Second, for the intervention that awakes the user, thermal stimulation (temperature change) and tactile stimulation (vibration or air-blowing to the skin) have been found to reduce drowsiness without inducing discomfort. Goto et al. (2022) developed an anti-drowsy system with cold and warm skin stimulations, which could change the participants’ autonomic nervous system activity and reveal an improvement in alertness and concentration. Saket et al. (2013) mark that vibrations with 200-600ms gaps, widely used for phone and smartwatch notifications, give users a sense of urgency and alertness while not disrupting others by sound. Since vibration can be simply achieved by small and lightweight electric motors, we decide to provide vibration through multiple areas on the headset that directly touch the skin on the back of the user’s ears, neck, and scalp, which is very sensitive and can cause the best results.
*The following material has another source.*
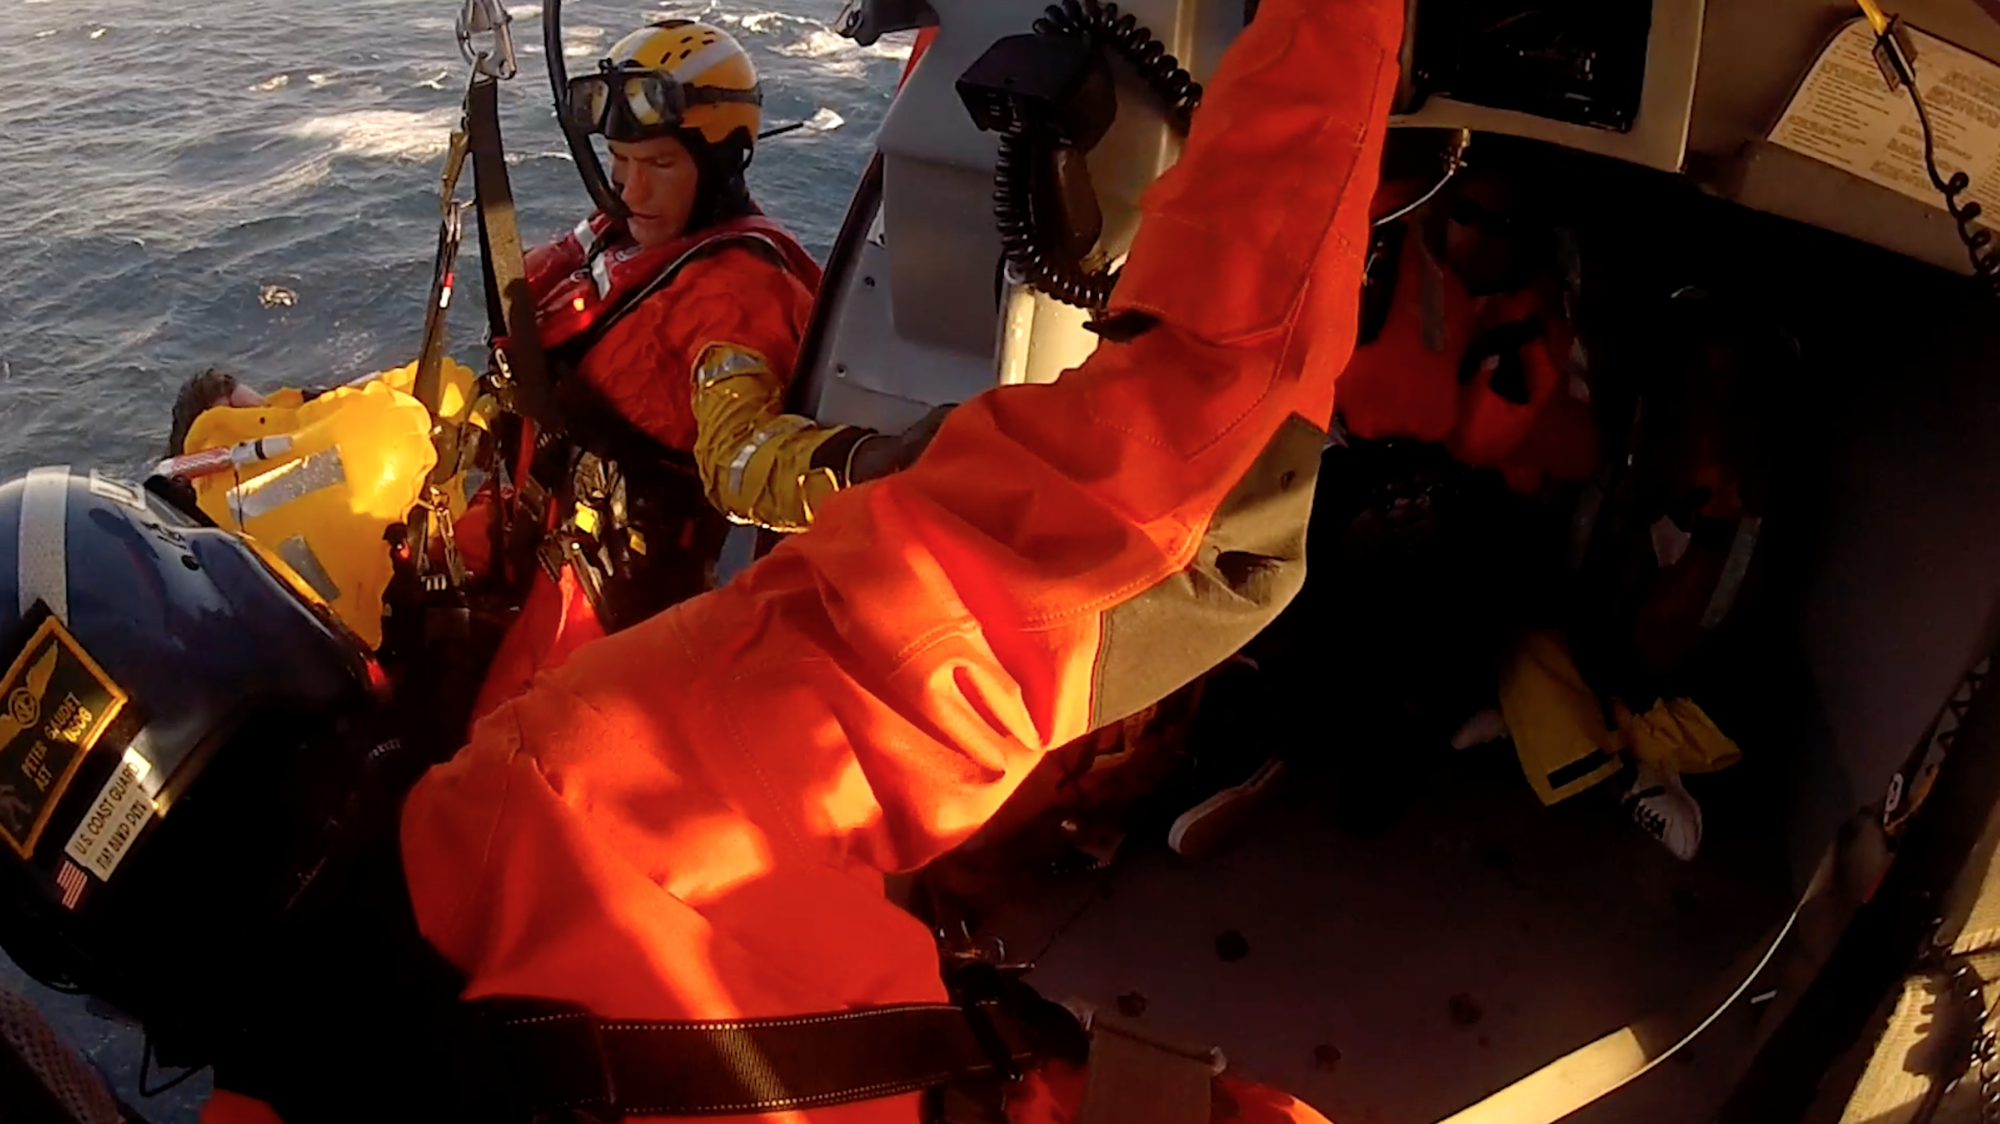 VIDEO AVAILABLE: Coast Guard rescues 6 from vessel taking on water 80 miles west of Crescent City

To summarize the device mechanism, it has two main components: the blink detector and the vibrator. The embedded algorithm in the detector keeps monitoring and determines the user’s fatigue level. If it is above the threshold, the vibration will be activated, which alerts the user and decreases drowsiness until below the threshold. Then, the vibration will stop until drowsiness is detected again, creating a feedback loop. In the next section, we provide a method to test this hypothesis: the vibration intervention will decrease drowsiness and change the user’s cognitive status.

Material and Technology

The VIVE headset comprises three technical units: the muscle detector, the vibration generator, and a chip for analyzing the data. The muscle detector is located near the outer side area of the eyes, detecting mainly the orbicularis oculi muscles’ movements when the user blinks. The data is transmitted to the chip using machine learning to analyze the user’s blinking frequency and characteristics. After studying the user’s abilities, the vibration generator will be therefore activated accordingly when it receives the signal of fatigue. The vibration generator sends strong and concise motions directly to the user’s skin to alert the user without loud sounds and annoyance. The sensibility of the user’s skin and their consequential reaction may vary, therefore we have chosen three different vibration locations to test the adaptations: one above the ears, one under the ears, and the other one on the back head area. The three locations are incorporated into the existing design with enough space for placing the generators as well as structurally hold the weight and stable the wearing. The charging location is on the headset’s inner side, designed to be wireless charging. The battery will be located along with the vibration generator to provide stable electricity to the motor. It will use fewer electrical wires inside the device to avoid redundancy of wires. The material of the shell is selected to be carbon fiber because it has high stiffness, high tensile strength, low thermal expansion, and is lightweight. Thus it could hold the delicacy of the chips inside nicely, and when the overheating of technical components occurs, it will not deform very easily.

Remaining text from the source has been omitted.